_GIVEN DATA_

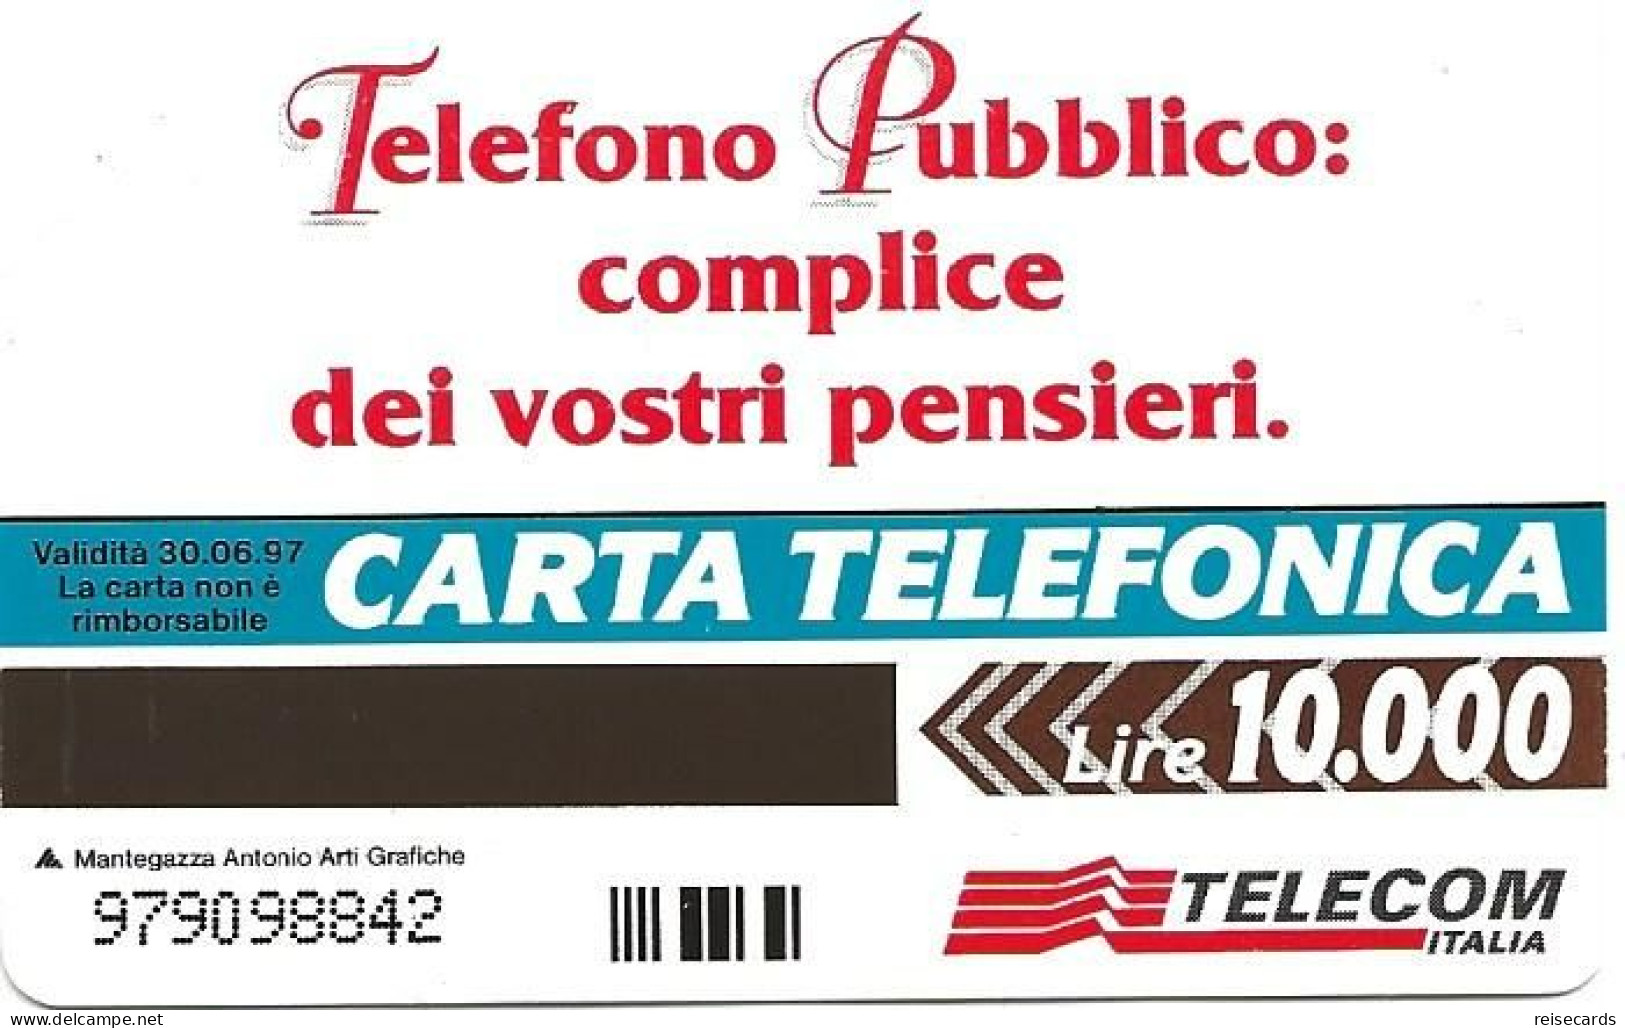 Italy: Telecom Italia - Telefono Pubblico - Publiques Publicitaires
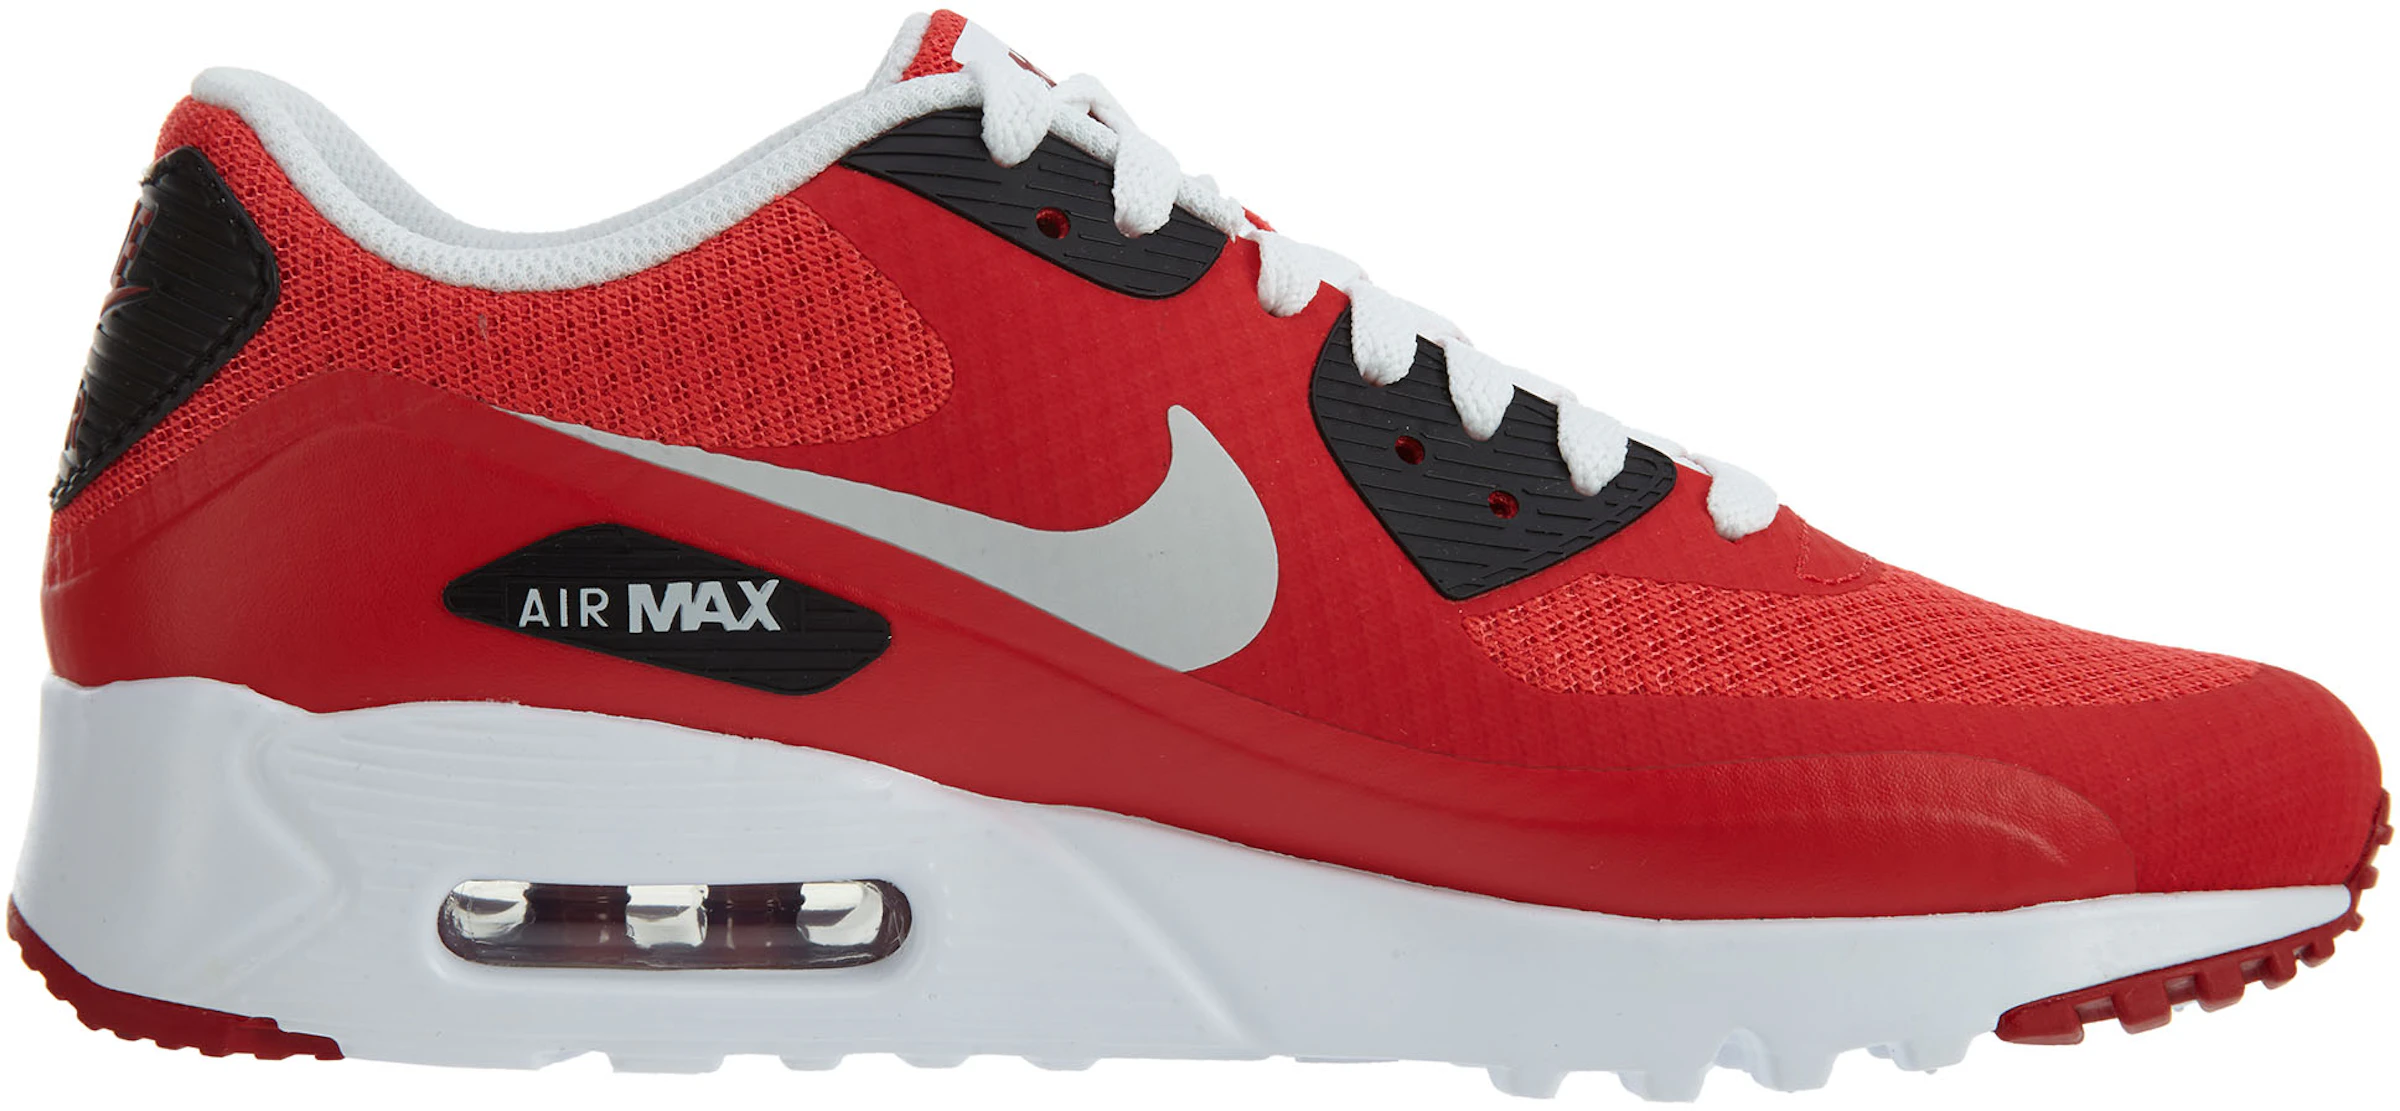 Característica policía Millas Nike Air Max 90 Ultra Essential Action Red/Pure Platinum-Gym Red-Black -  819474-600 - ES
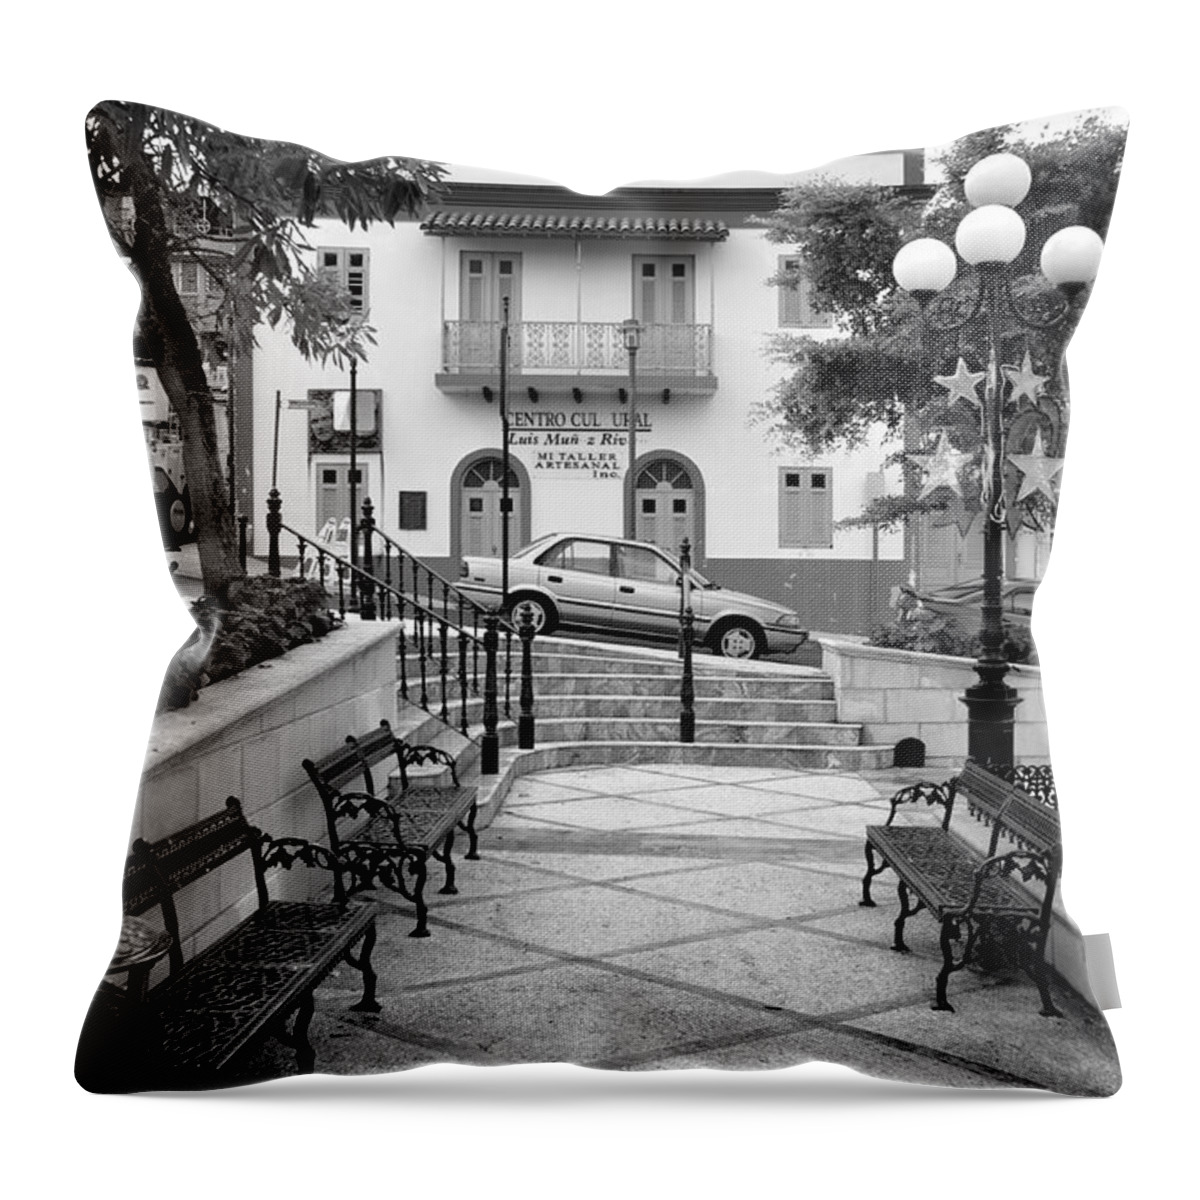  Throw Pillow featuring the photograph Barranquitas 5632bw by Ricardo J Ruiz de Porras

_WORK ITEM_
With the images excluded, reproduce the data above precisely as written.

_ANSWER_
 Italy: Telecom Italia - Telefono Pubblico - Publiques Publicitaires
 Característica policía Millas Nike Air Max 90 Ultra Essential Action Red/Pure Platinum-Gym Red-Black -  819474-600 - ES
  Throw Pillow featuring the photograph Barranquitas 5632bw by Ricardo J Ruiz de Porras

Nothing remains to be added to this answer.